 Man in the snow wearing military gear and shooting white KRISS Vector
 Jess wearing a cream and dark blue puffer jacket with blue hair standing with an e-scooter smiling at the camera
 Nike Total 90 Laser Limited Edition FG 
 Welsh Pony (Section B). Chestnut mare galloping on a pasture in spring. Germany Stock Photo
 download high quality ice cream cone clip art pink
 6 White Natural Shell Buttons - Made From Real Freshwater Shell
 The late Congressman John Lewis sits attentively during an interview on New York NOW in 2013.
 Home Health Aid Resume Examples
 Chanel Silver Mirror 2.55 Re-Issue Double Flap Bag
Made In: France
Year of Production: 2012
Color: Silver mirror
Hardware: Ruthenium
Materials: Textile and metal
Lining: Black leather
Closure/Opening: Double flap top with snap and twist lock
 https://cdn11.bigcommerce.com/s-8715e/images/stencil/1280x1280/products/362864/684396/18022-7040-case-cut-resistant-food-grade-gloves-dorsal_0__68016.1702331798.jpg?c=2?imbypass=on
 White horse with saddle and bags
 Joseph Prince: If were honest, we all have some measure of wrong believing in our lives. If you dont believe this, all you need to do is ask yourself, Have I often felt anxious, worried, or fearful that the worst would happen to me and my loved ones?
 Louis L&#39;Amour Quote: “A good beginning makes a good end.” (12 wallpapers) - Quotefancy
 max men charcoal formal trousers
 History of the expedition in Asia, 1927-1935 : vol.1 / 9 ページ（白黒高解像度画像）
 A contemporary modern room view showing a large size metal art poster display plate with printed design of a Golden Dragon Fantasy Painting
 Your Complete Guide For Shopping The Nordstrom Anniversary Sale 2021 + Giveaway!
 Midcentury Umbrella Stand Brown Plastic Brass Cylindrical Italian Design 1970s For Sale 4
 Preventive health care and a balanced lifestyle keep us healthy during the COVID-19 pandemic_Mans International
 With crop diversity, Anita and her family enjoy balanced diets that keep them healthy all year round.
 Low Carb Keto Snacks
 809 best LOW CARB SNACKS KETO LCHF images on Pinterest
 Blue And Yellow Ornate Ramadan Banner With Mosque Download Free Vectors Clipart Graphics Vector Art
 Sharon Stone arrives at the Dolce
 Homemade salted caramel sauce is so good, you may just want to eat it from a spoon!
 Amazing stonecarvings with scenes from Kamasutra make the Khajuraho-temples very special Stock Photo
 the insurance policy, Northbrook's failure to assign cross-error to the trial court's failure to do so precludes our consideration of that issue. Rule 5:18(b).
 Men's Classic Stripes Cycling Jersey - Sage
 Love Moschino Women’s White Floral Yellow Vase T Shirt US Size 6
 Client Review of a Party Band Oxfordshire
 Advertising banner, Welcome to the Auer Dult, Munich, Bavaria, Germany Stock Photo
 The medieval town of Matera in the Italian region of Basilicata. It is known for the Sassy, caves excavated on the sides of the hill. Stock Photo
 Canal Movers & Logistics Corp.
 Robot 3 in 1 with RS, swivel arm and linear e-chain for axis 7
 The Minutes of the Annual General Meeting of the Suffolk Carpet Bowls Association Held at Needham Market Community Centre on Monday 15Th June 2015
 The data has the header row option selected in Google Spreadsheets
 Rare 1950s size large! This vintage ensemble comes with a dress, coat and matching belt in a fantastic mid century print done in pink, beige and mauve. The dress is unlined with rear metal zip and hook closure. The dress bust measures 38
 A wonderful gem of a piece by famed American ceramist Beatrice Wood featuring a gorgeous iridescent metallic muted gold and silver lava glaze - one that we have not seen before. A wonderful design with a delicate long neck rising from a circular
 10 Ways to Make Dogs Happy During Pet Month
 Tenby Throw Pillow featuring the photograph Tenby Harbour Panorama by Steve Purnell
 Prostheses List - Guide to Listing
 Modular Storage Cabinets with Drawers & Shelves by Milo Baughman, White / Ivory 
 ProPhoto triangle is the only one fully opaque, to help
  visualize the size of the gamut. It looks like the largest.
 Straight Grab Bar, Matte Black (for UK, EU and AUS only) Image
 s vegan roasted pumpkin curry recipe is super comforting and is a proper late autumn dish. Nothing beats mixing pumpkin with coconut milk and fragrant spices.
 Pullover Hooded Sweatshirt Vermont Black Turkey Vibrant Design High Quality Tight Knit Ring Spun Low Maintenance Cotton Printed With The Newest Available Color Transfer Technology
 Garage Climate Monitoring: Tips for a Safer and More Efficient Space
==============================
▶ [DIRECTIONS FOR THIS TASK] Only one stretch of the entries above is wanted: the lines from the one containing "max men charcoal formal trousers" through the one containing "A contemporary modern". Please reproduce it exactly.

▶ [REPLY TO THE TASK]
 max men charcoal formal trousers
 History of the expedition in Asia, 1927-1935 : vol.1 / 9 ページ（白黒高解像度画像）
 A contemporary modern room view showing a large size metal art poster display plate with printed design of a Golden Dragon Fantasy Painting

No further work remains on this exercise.